The Database That Deleted Itself: How Instagram Stored 25 Billion Photos on 3 Postgres Shards — Then Had to Rewrite Everything in 10 Months
In 2012, Instagram hit 80 million users and their Postgres database started deleting old data to stay alive. This is the story of the most desperate migration in social media history — and the architecture decisions that almost killed the fastest-growing app on Earth.
The Database That Deleted Itself: How Instagram Stored 25 Billion Photos on 3 Postgres Shards — Then Had to Rewrite Everything in 10 Months
It was 2:47 AM on a Tuesday in July 2012. Mike Krieger, Instagram's co-founder and CTO, was staring at his laptop screen in the dark. The graph looked like a hockey stick pointed at hell.

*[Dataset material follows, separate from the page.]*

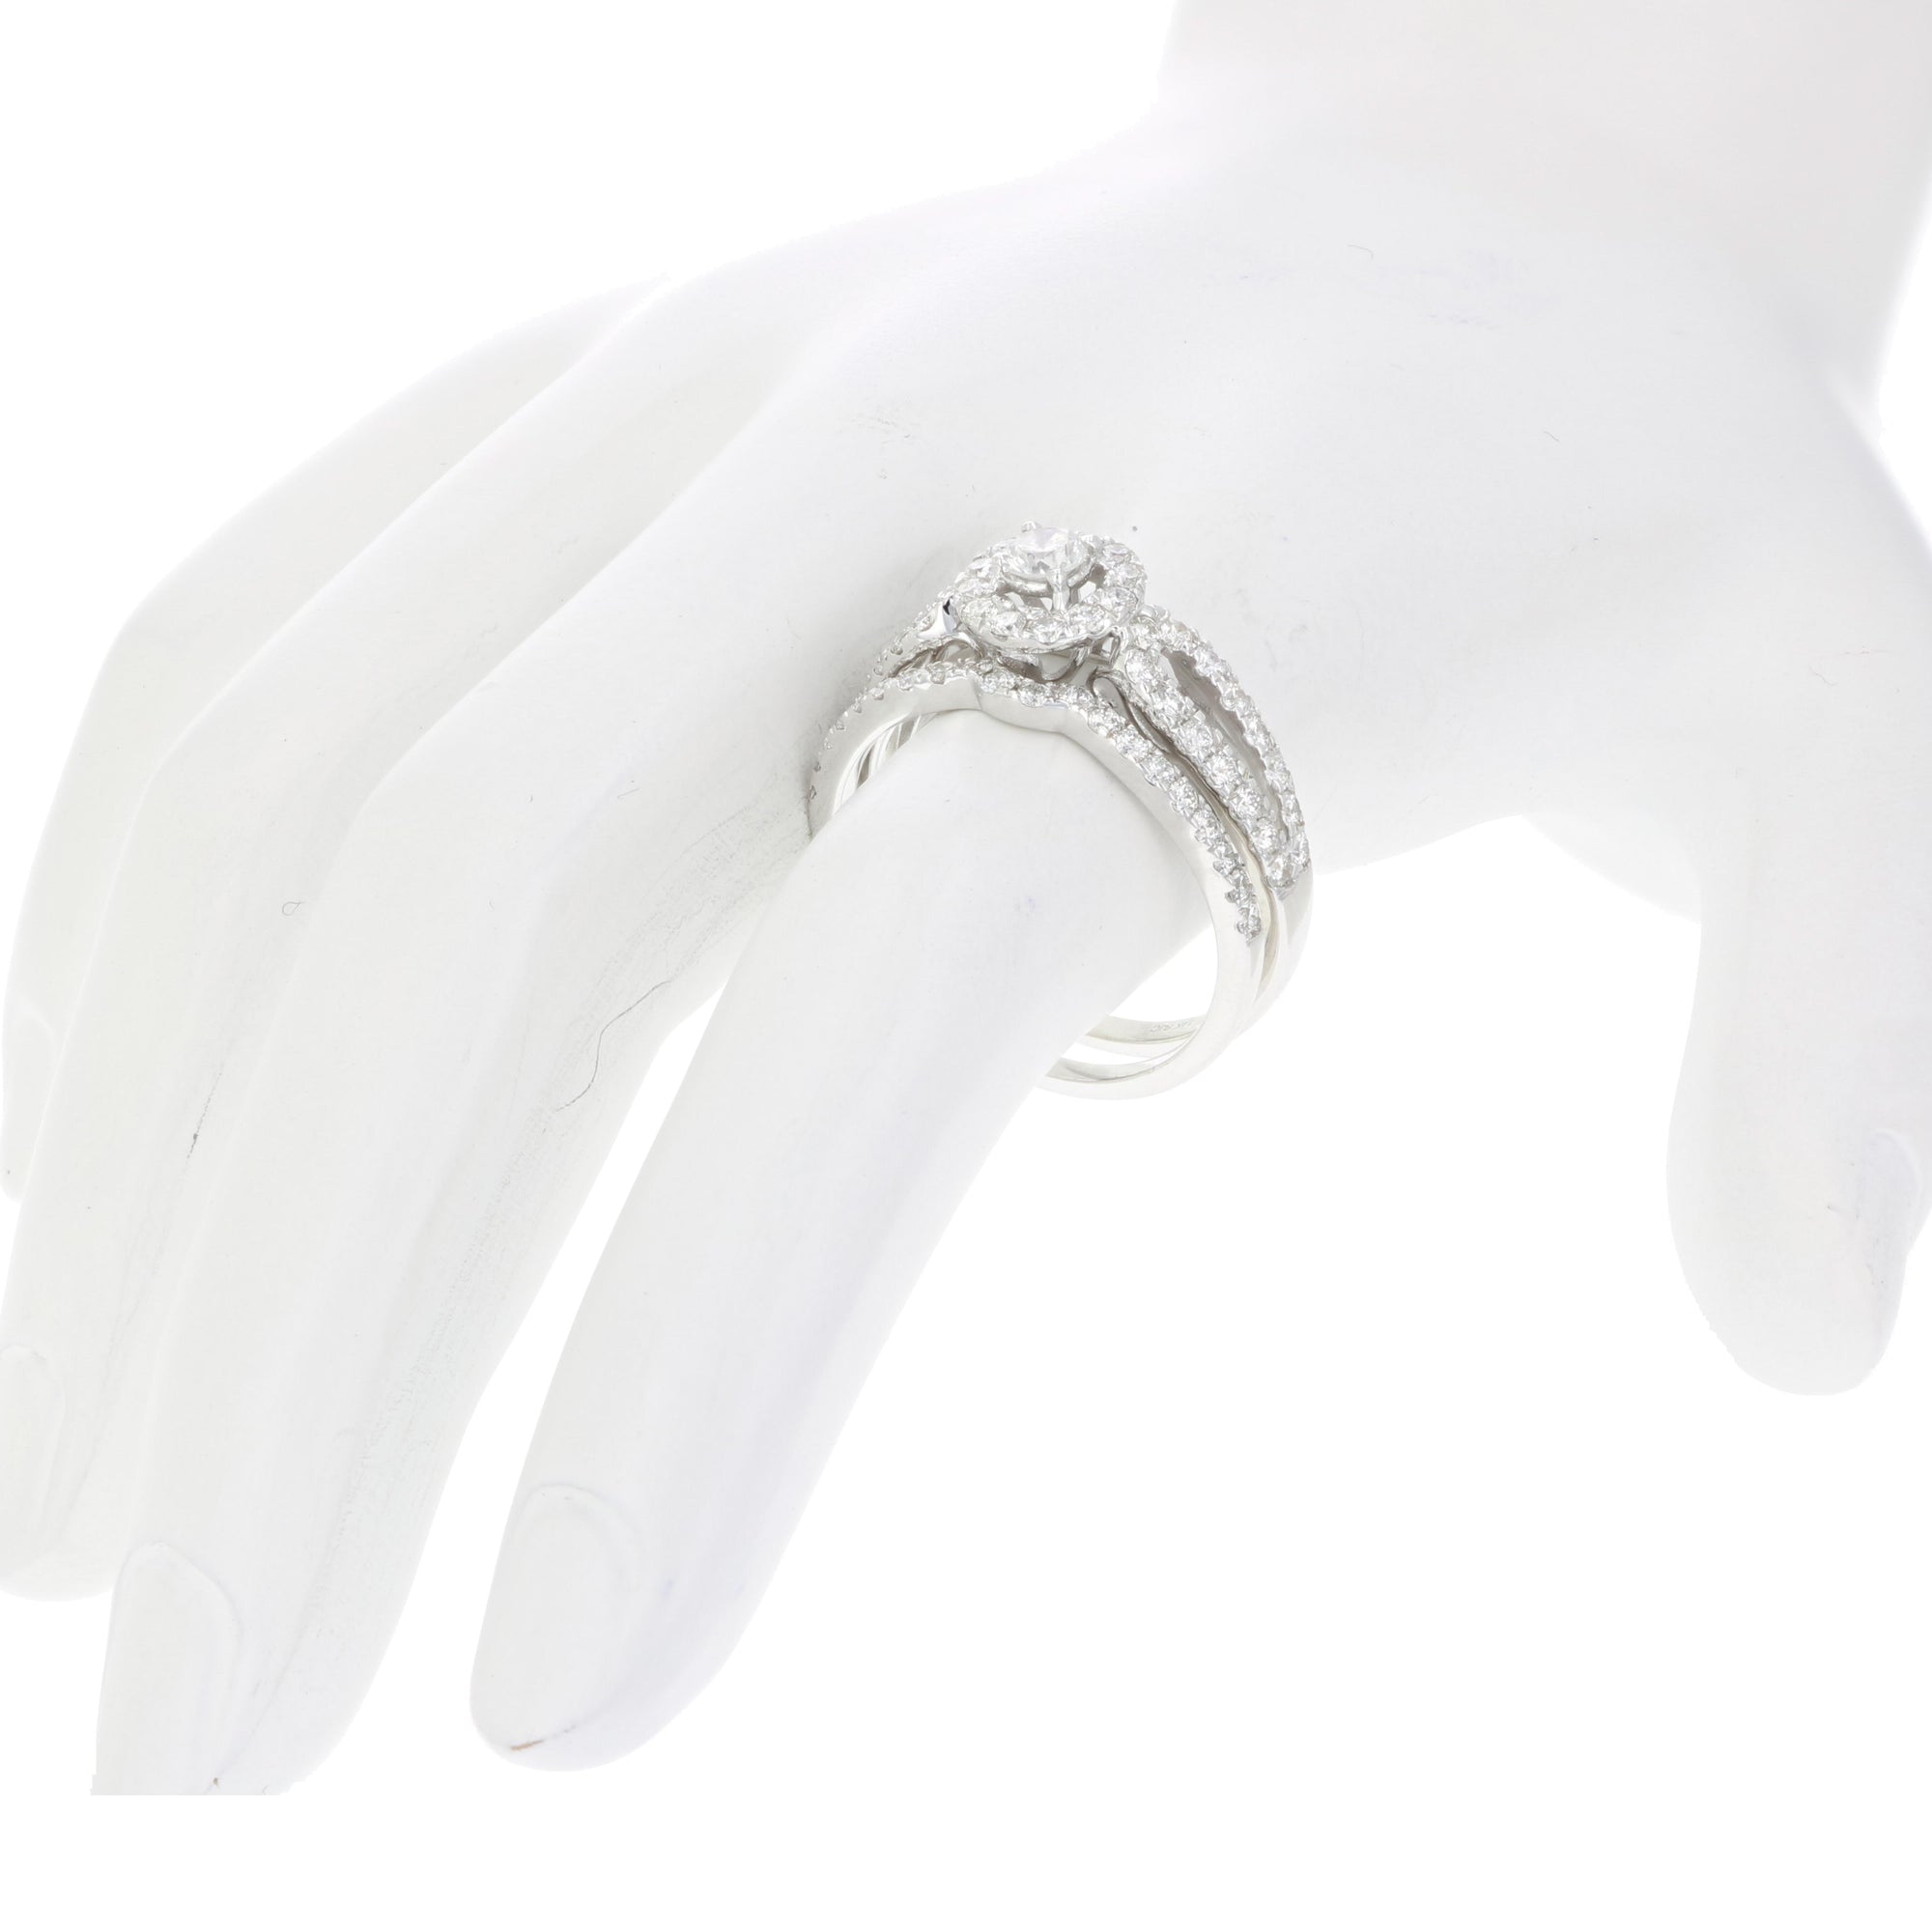 7/8 cttw Diamond Wedding Engagement Ring Bridal Set 14K White Gold Halo

Instagram had crossed 80 million users. They were adding photos at a rate of 5.8 million per day. And their main Postgres database — the single source of truth for every photo, every like, every follower relationship — was running out of ID space.
Not storage space. Not CPU. Not memory.
ID space.
Postgres uses 32-bit integers for primary keys by default. That gives you 2.1 billion possible IDs. Instagram had burned through 1.8 billion. At their current growth rate, they'd hit the ceiling in 13 weeks. When that happened, the database would stop accepting new photos. The app would freeze. And 80 million people would blame them.
But the real nightmare wasn't the limit. It was what Instagram had already done to survive this long.
They'd started deleting old data.
The Architecture That Worked Until It Didn't
When Kevin Systrom and Mike Krieger launched Instagram in October 2010, they made a bet that haunts infrastructure engineers: start simple, scale later.
They ran on AWS. One Postgres database. No caching layer. No fancy distributed systems. Just a Python Django app hitting a single RDS instance with 32 GB of RAM.
And it worked. For exactly 12 hours.
On launch day, they got 25,000 signups. The database handled it. But by day three, they were at 100,000 users. Photos were taking 8 seconds to load. The Django app was timing out. Krieger barely slept for a week.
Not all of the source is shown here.